3. The method of claim 1, wherein the molar ratio of paraformaldehyde to ethanol and thionyl chloride is about 1:1:1 to about 1:2:
2.
4. A method for preparing substantially pure acetochlor, the method comprising the step of treating a crude mixture of acetochlor (I) and 2-chloro-N-(2-ethyl-6-methylphenyl)acetamide (III) with chloromethyl ethyl ether (II) at a temperature of about 0°C to about 40°C in the presence of a base and a solvent. 。 5. The method of claim 4, wherein the base used is selected from sodium hydroxide, potassium hydroxide, sodium carbonate, potassium carbonate, sodium bicarbonate, and potassium bicarbonate.
6. The method of claim 4, wherein the solvent is selected from dichloromethane, dichloroethane, chloroform, chlorobenzene; aromatic hydrocarbons such as toluene, xylene; or mixtures thereof.
7. The method of claim 4, wherein the method is carried out in a continuous flow reactor.
8. The method of claim 7, wherein the residence time of the reaction in the reactor is from about 5 seconds to about 5 minutes.
9. A method for preparing acetochlor (I), the method comprising: i.
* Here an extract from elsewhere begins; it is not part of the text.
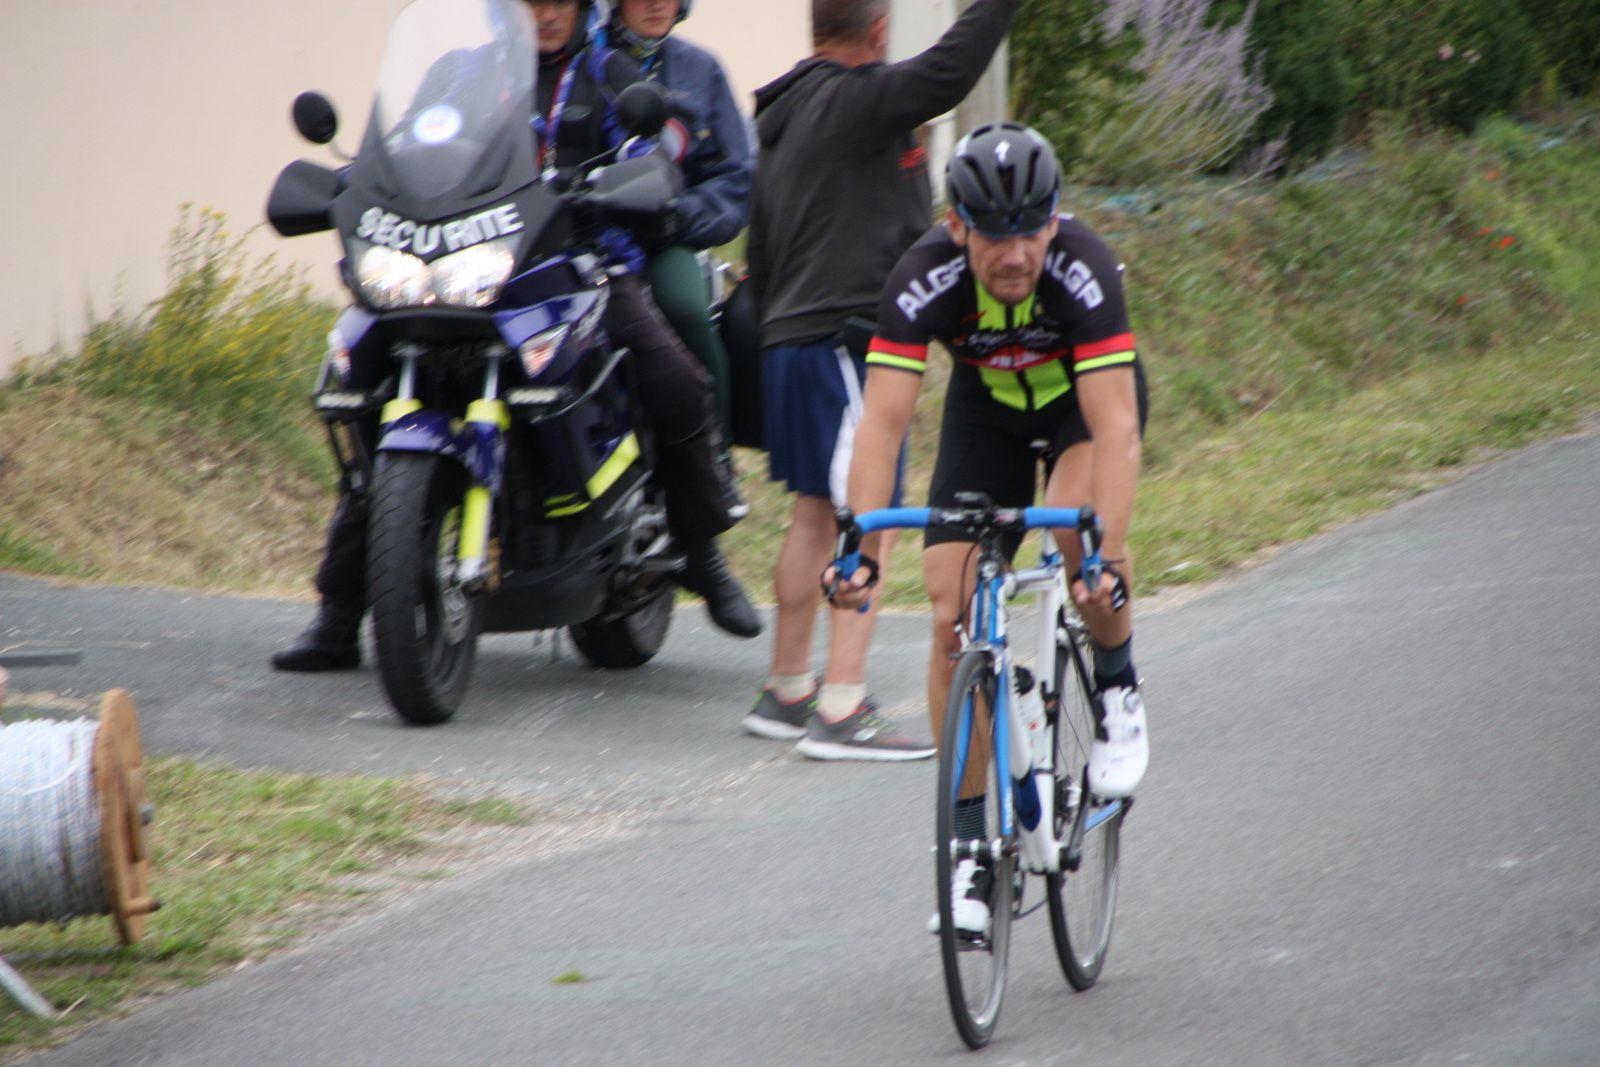 2e  place  pour  Michaél  DAMIENS  qui  remporte  le  classement  général

Reaction of N-(2-ethyl-6-methylphenyl)methylimine (IV) with chloroacetyl chloride (V) yields 2-chloro-N-(chloromethyl)-N-(2-ethyl-6-methylphenyl)acetamide (VI); ii. React 2-chloro-N-(chloromethyl)-N-(2-ethyl-6-methylphenyl)acetamide (VI) with ethanol to obtain a mixture containing acetochlor and its byproduct (III); iii. The byproduct (III) is converted into acetochlor (I) by treating the mixture with chloromethyl ethyl ether (II); The reaction is carried out in a continuous flow reactor.
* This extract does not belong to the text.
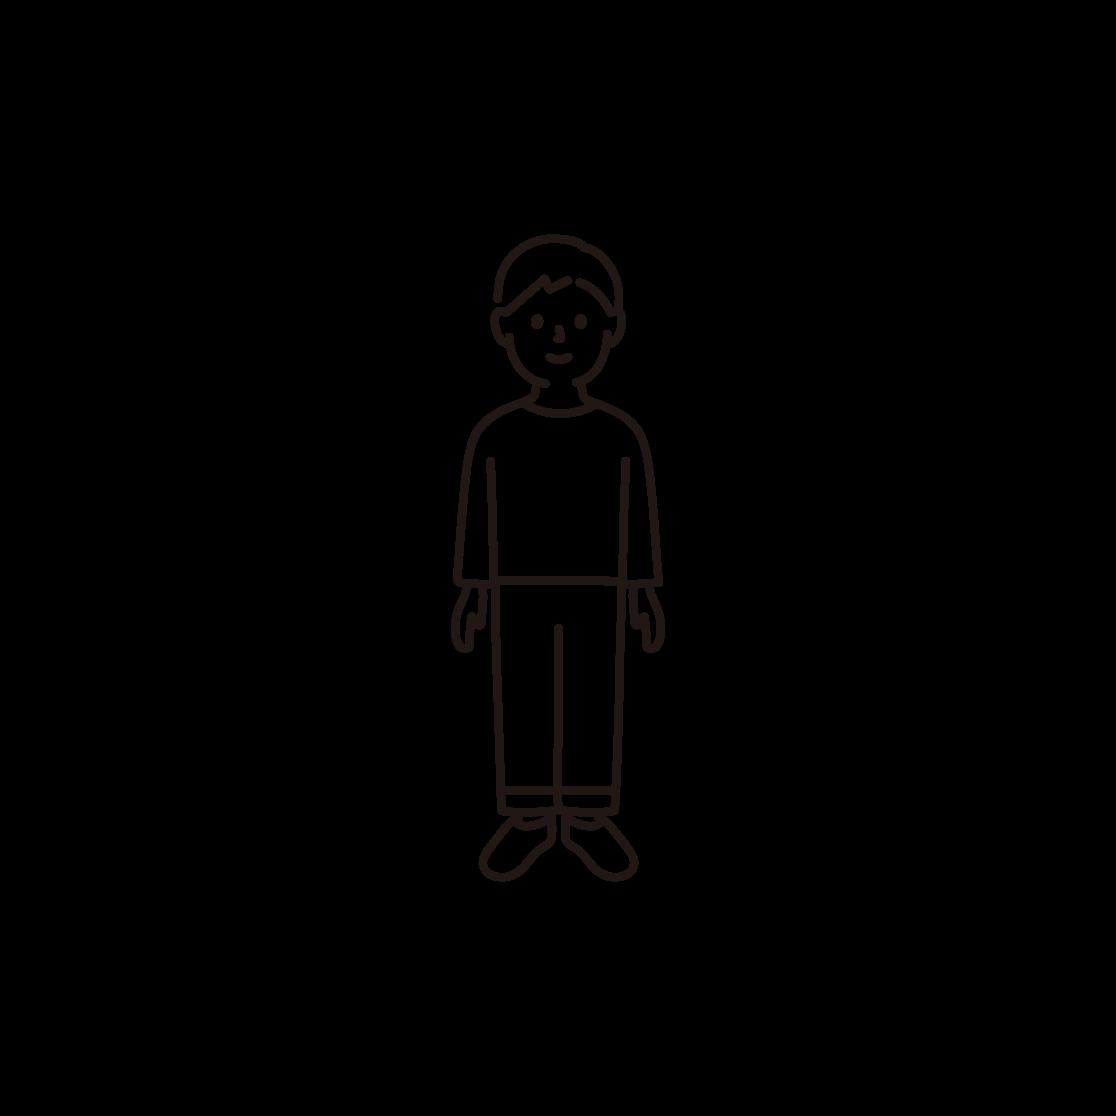 子ども(男の子)の線画イラスト

10. The method of claim 9, wherein the flow rate of N-(2-ethyl-6-methylphenyl)methylimine is about 1 g / min to about 15 g / min; the flow rate of chloroacetyl chloride is about 5 g / min to about 20 g / min; the flow rate of 2-chloro-N-(chloromethyl)-N-(2-ethyl-6-methylphenyl)acetamide is about 5 g / min to 35 g / min; the flow rate of ethanol is about 1 g / min to about 15 g / min; the flow rate of the mixture of byproduct (III) and acetochlor is about 5 g / min to about 40 g / min; the flow rate of chloromethyl ethyl ether is about 0.1 g / min to 10 g / min; and the flow rate of base is about 0.5 g / min to about 15 g / min.
11. The method of claim 9, wherein the residence time of the reaction in step i, ii, or iii in the reactor is from about 5 seconds to about 5 minutes.
12. The method of claim 9, wherein the method is performed at a temperature of about 20°C to about 120°C.
13. The method of claim 9, wherein the obtained acetochlor contains less than 1% by weight of 2-chloro-N-(2-ethyl-6-methylphenyl)acetamide (III).
14. The method of claim 9, wherein the chloromethyl ethyl ether (II) used in step iii is prepared by reacting paraformaldehyde with ethanol and thionyl chloride.